From the first line to the last, print the material exactly, skipping the pictures.

* Stored data
- Opening Delimiter -
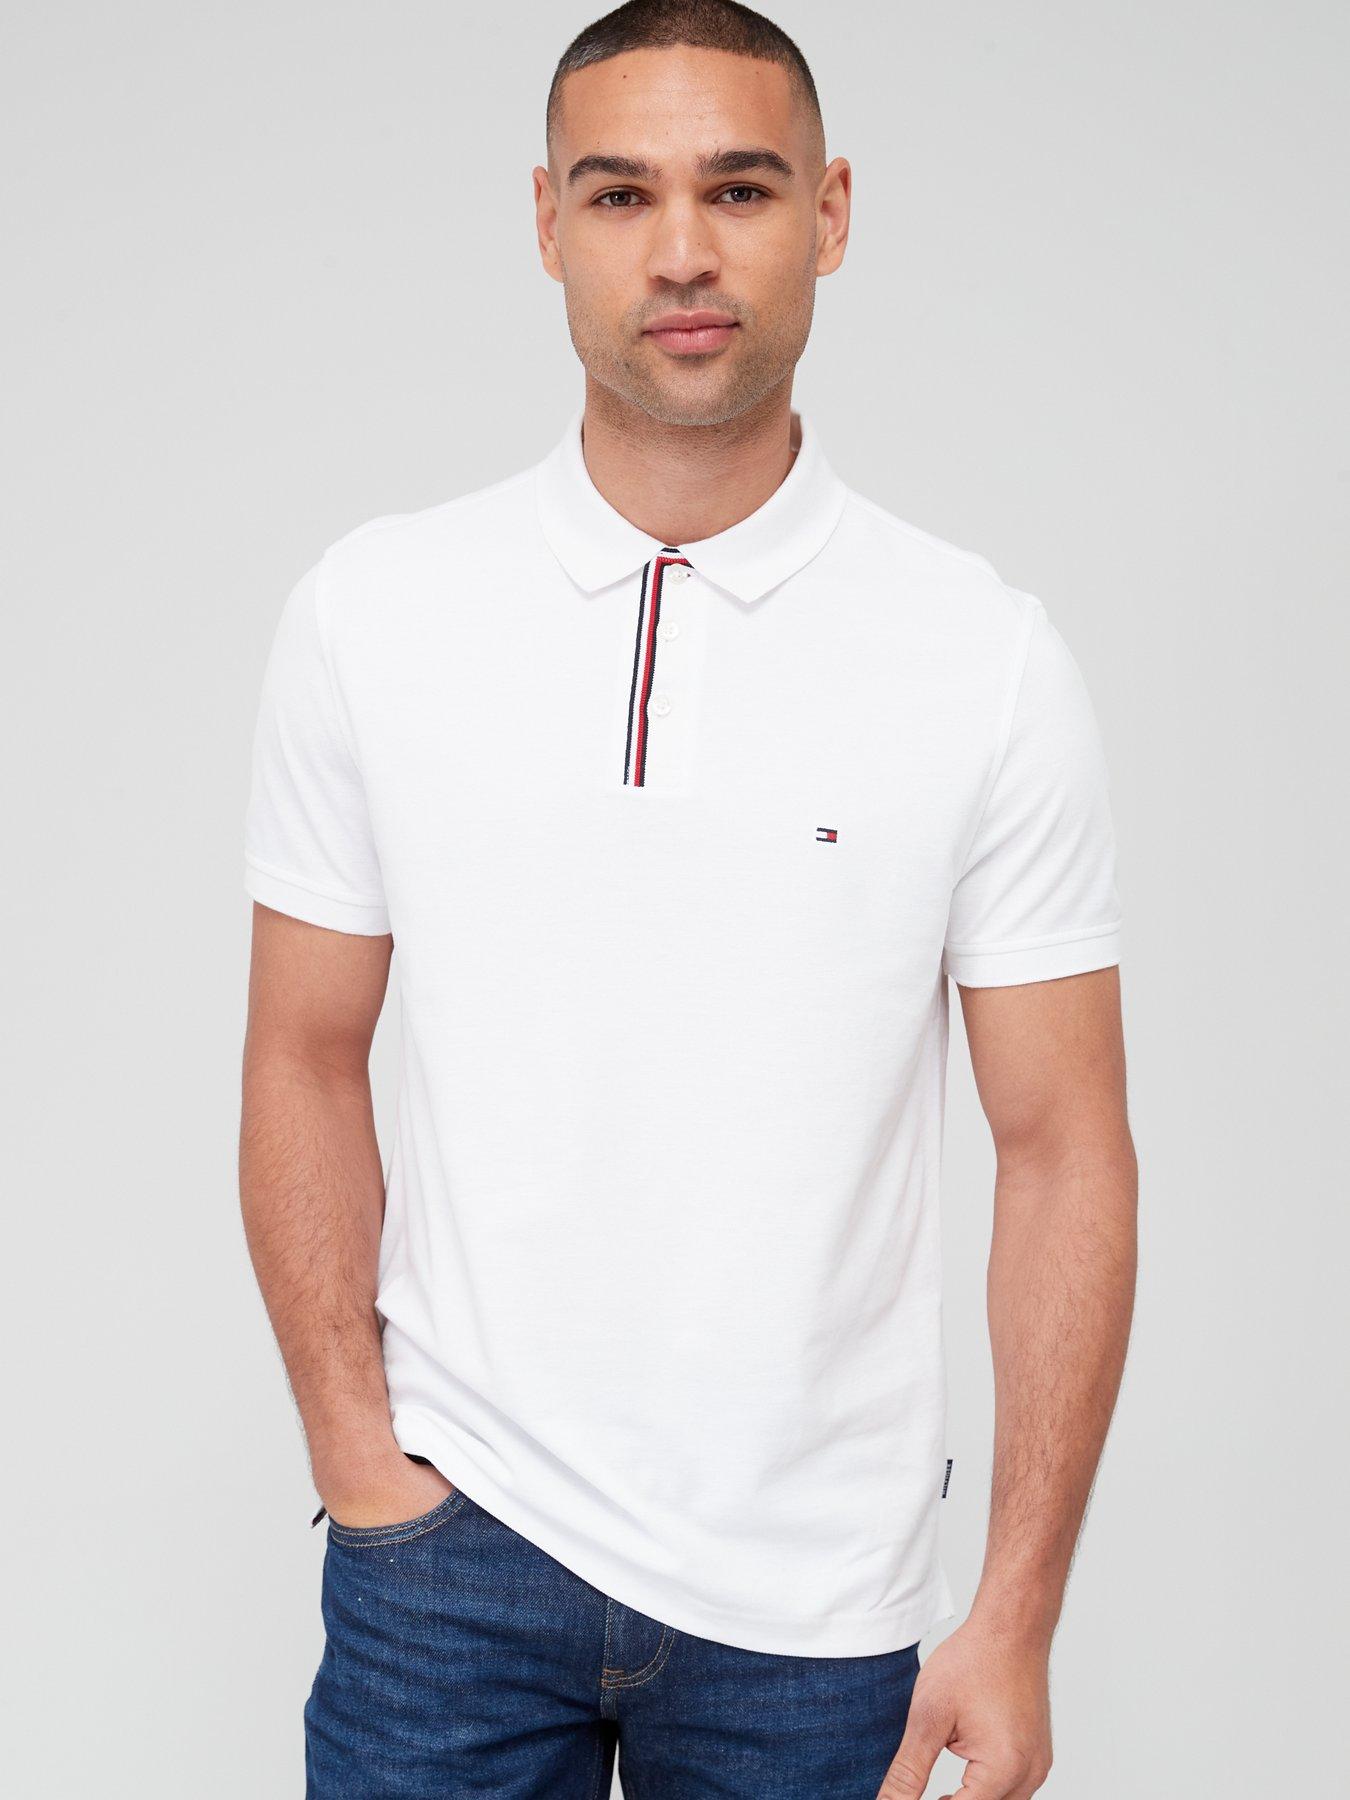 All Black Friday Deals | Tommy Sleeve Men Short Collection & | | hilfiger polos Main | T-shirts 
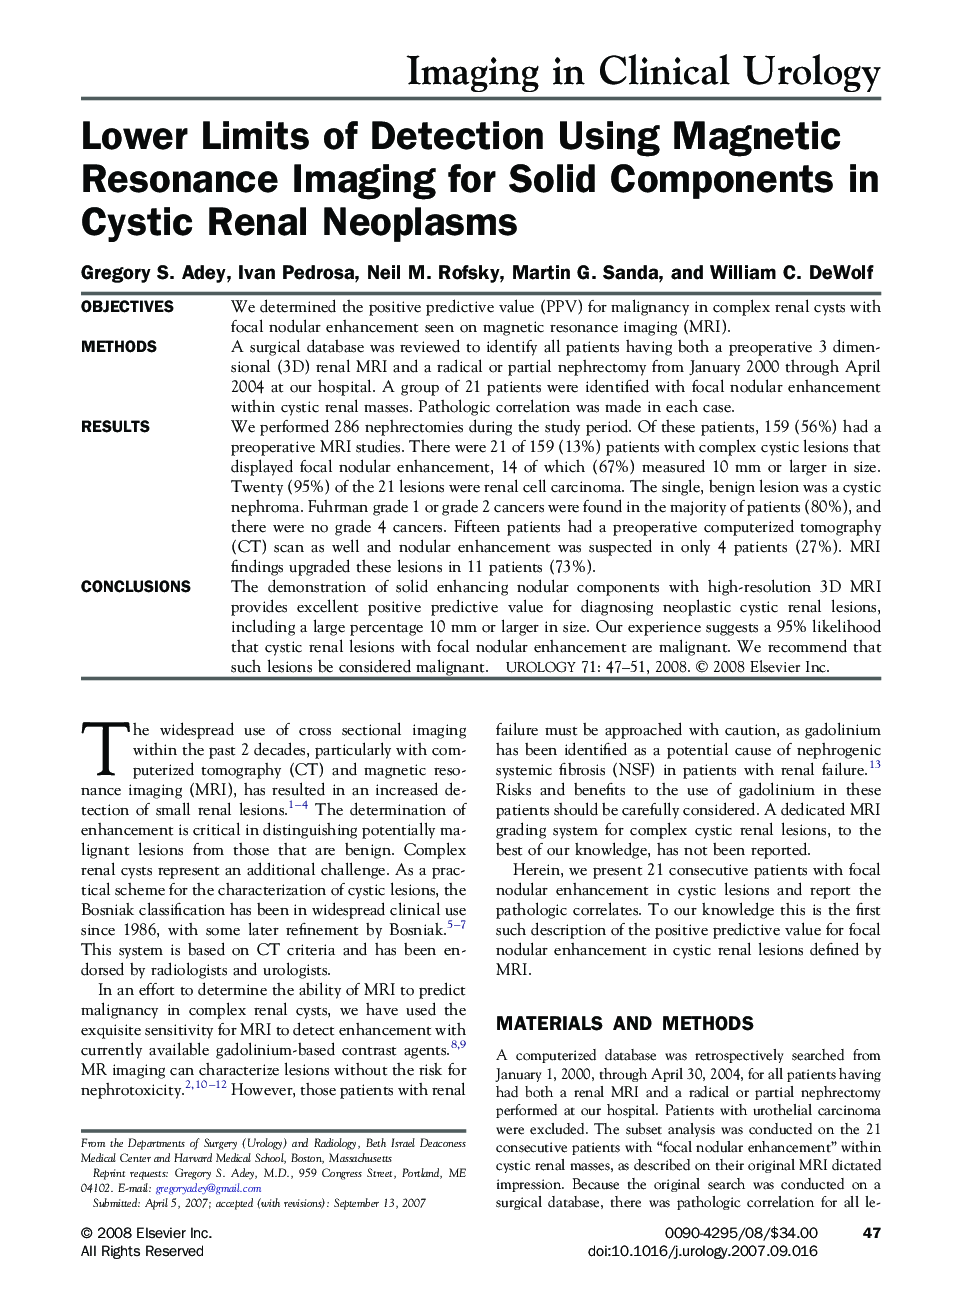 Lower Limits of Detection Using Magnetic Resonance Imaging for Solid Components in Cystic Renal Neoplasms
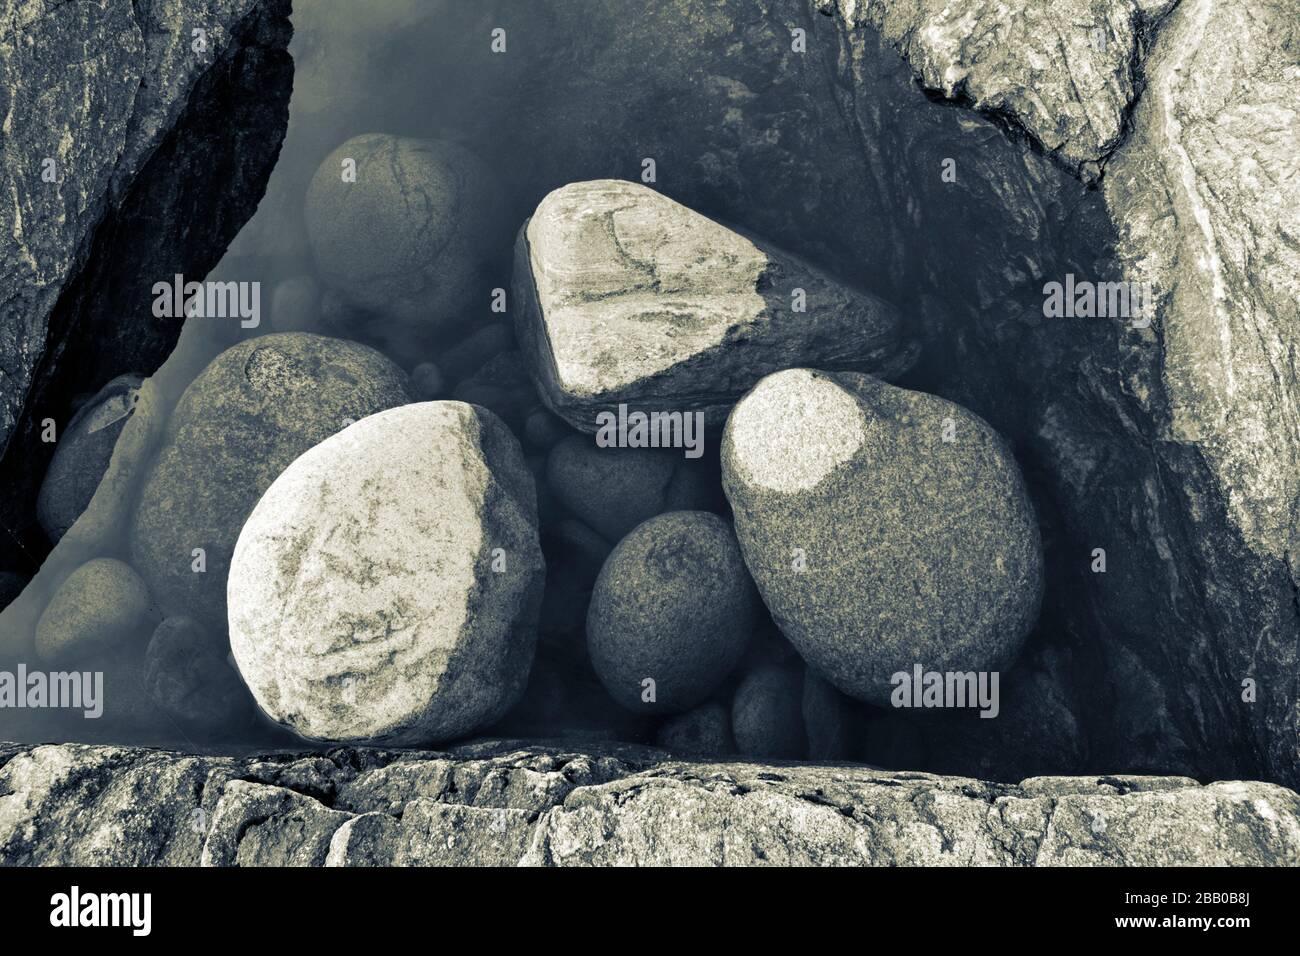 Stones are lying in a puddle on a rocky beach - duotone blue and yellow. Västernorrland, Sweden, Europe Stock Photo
- Closing Delimiter -
* Your solution
 All Black Friday Deals | Tommy Sleeve Men Short Collection & | | hilfiger polos Main | T-shirts 
 Lower Limits of Detection Using Magnetic Resonance Imaging for Solid Components in Cystic Renal Neoplasms
 Stones are lying in a puddle on a rocky beach - duotone blue and yellow. Västernorrland, Sweden, Europe Stock Photo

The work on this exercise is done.